Eighteen years ago Montreal’s Orchestre Métropolitain took a huge gamble by appointing a youthful local as its Music Director. That gamble has proven to be tantamount to winning a lottery jackpot. Maestro Yannick Nézet-Séguin has since vaulted to stratospheric status in his profession. He demonstrates his gratitude to the OM for having given him the opportunity to launch his professional conducting career by continuing on as the ensemble’s Music Director to this day.

Yannick Nézet-Séguin © Orchestre Métropolitain | François Goupil
Yannick Nézet-Séguin
© Orchestre Métropolitain | François Goupil

The Maestro’s performances with this ensemble are consistently synergistic. This synergy was once again evident in the orchestra’s impressive handling of the complex and challenging Mahler Symphony no. 9 in D major. Nézet-Séguin is consistently praised for his ability to elicit the best from the players he conducts. His enthusiasm and energy create an ethos in which the musicians “buy in.” His performances are never “phoned in” by the players.

The evening opened with Schumann's Piano Concerto in A minor. Hélène Grimaud, a long-time friend of the OM, had been booked as soloist. However she withdrew due to a shoulder injury. Another French pianist, Éric Le Sage, was her replacement. Le Sage’s subtle sound is characteristic of the French tradition of Schumann piano playing. Le Sage has performed with the Rotterdam Philharmonic Orchestra, which up until recently had Nézet-Séguin as its Music Director.

It is to Clara Schumann that we owe the only Piano Concerto written by her husband, Robert. He had initially composed a Fantasy for piano and orchestra, which Clara suggested he transform into a proper concerto.

Éric Le Sage plays Schumann © Orchestre Métropolitain | François Goupil
Éric Le Sage plays Schumann
© Orchestre Métropolitain | François Goupil

The dexterity and sensitivity of Le Sage were front and centre in this work. His cadenza was outstanding. Nézet-Séguin ensured that an optimal balance was achieved between soloist and orchestra. The woodwinds shone, particularly oboist Lise Beauchamp. The robust string section added to the vibrancy of this performance.

Mahler’s Ninth Symphony was the last he was able to complete. It is imbued with the sense of fate that marks the final orchestral works of his career. It was written under the shadow of the death of his daughter Maria, who succumbed to scarlet fever in 1907 at the age of four. In addition, Mahler had recently lost his directorship of the Vienna Court Opera due to anti-Semitism. Furthermore, Mahler had been diagnosed with a serious heart ailment. 
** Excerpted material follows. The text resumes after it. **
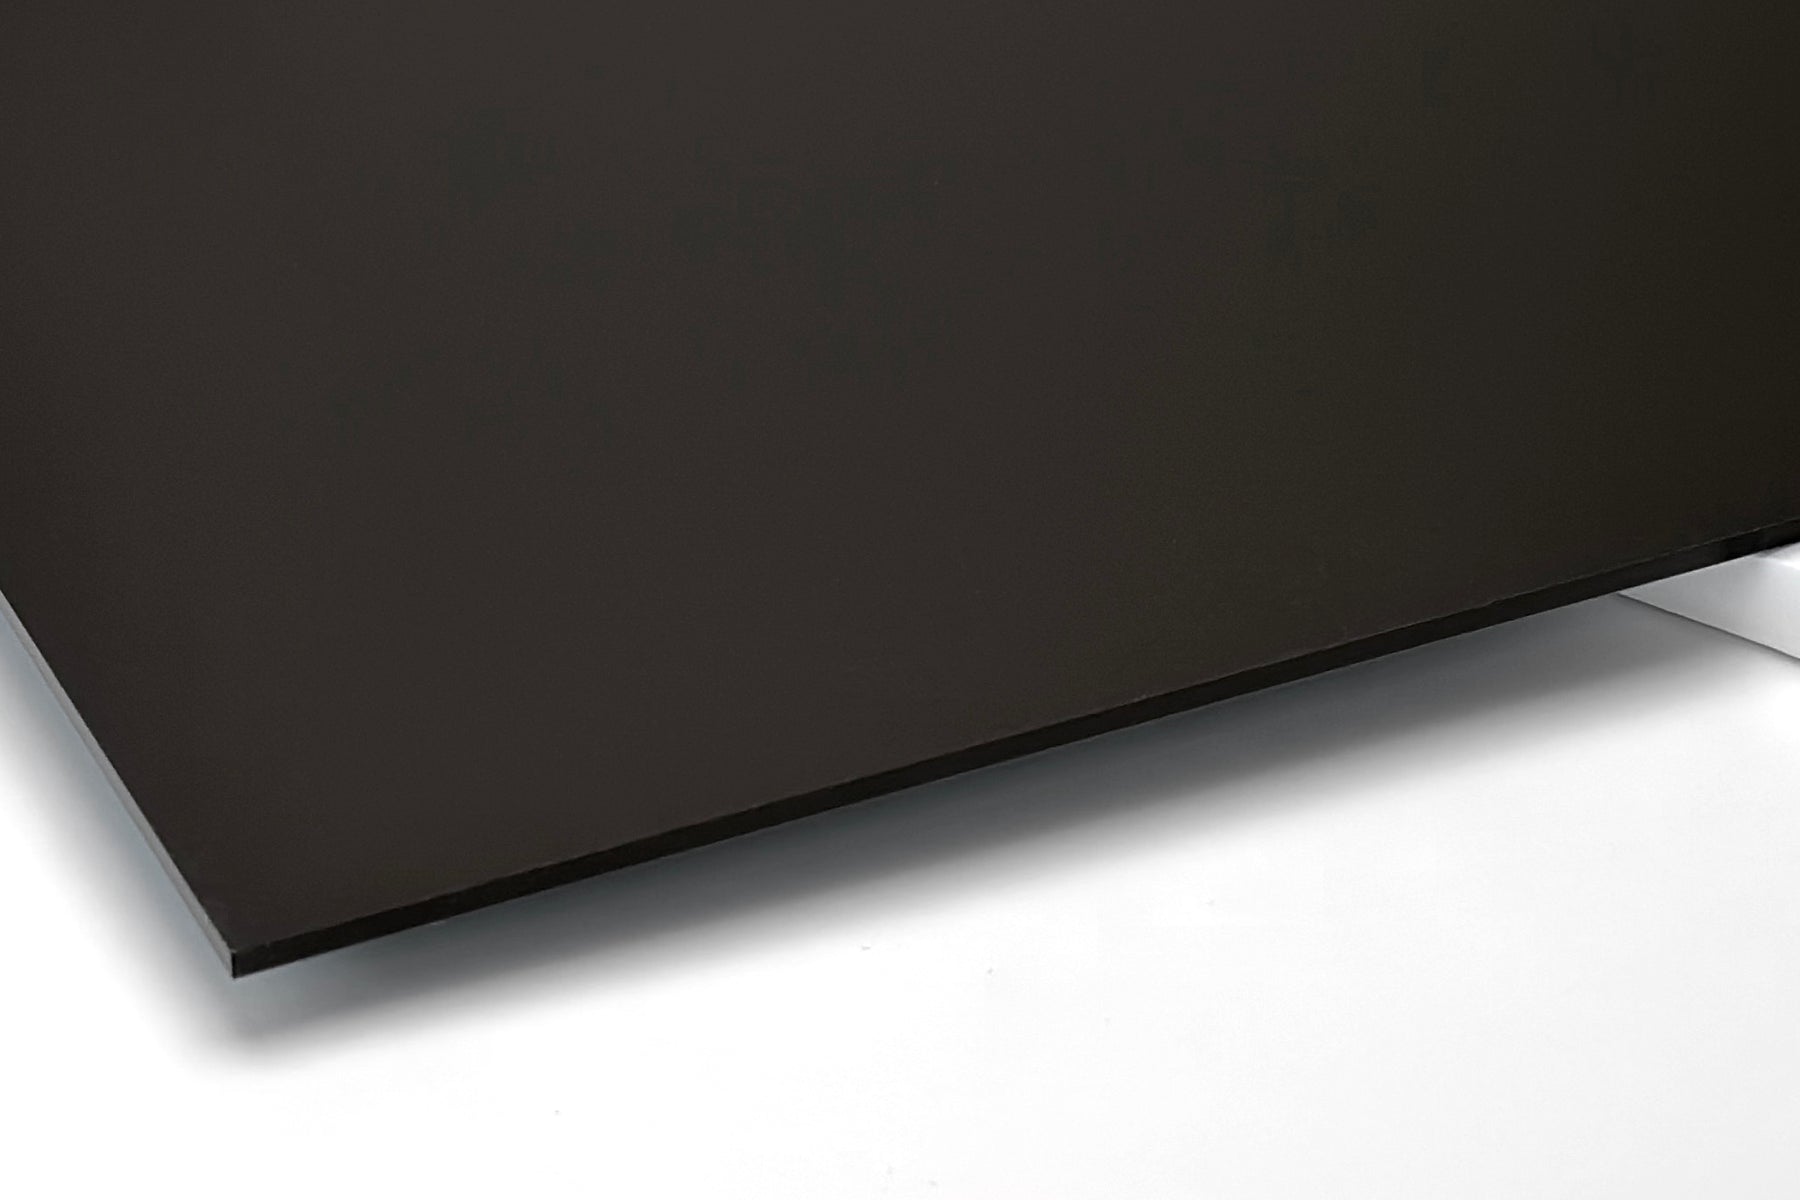 Matta-akryyli, musta, laserleikkuu ja painatus - 600x400mm

Nézet-Séguin, in his remarks to the audience, pointed out that Mahler dreaded composing a Ninth Symphony because of the historical precedent that the ninth was often a composer’s final symphony. To Nézet-Séguin, the work represents a profound reflection of life – the robust joys of nature as well as the finality of one’s time on earth. Even the boisterous dances of this symphony’s central movements have a morbid tinge.

The Orchestre Métropolitain and Yannick Nézet-Séguin © Orchestre Métropolitain | François Goupil
The Orchestre Métropolitain and Yannick Nézet-Séguin
© Orchestre Métropolitain | François Goupil

The slow lyric section of the opening movement was beautifully done. All sections of the orchestra rose to the virtuosic demands of Mahler, particularly in the middle movements. However I felt that the tutti fortissimos in those middle movements were overblown. Kudos to principal players Brian Bacon (viola) and Louis-Phillipe Marsolais (horn) on their solos. Congratulations to Carmelle Préfontaine (contra-bassoon) and Daniel Hill (tuba) for their laudable contributions to the bass line.

The highlight of the evening was the final movement. Here Nézet-Séguin achieved a sense of poignancy through his judicious management of the tension and release in each and every phrase. One phrase seamlessly dove-tailed to the next. The emotional impact of Nézet-Séguin’s interpretation was proven by the reverent silence in the hall that was sustained at the Symphony’s conclusion... a protracted silence at a work’s conclusion is rarely achieved in North American concert halls.

We saw once again that when Nézet-Séguin returns to his native city, a lovefest ensues.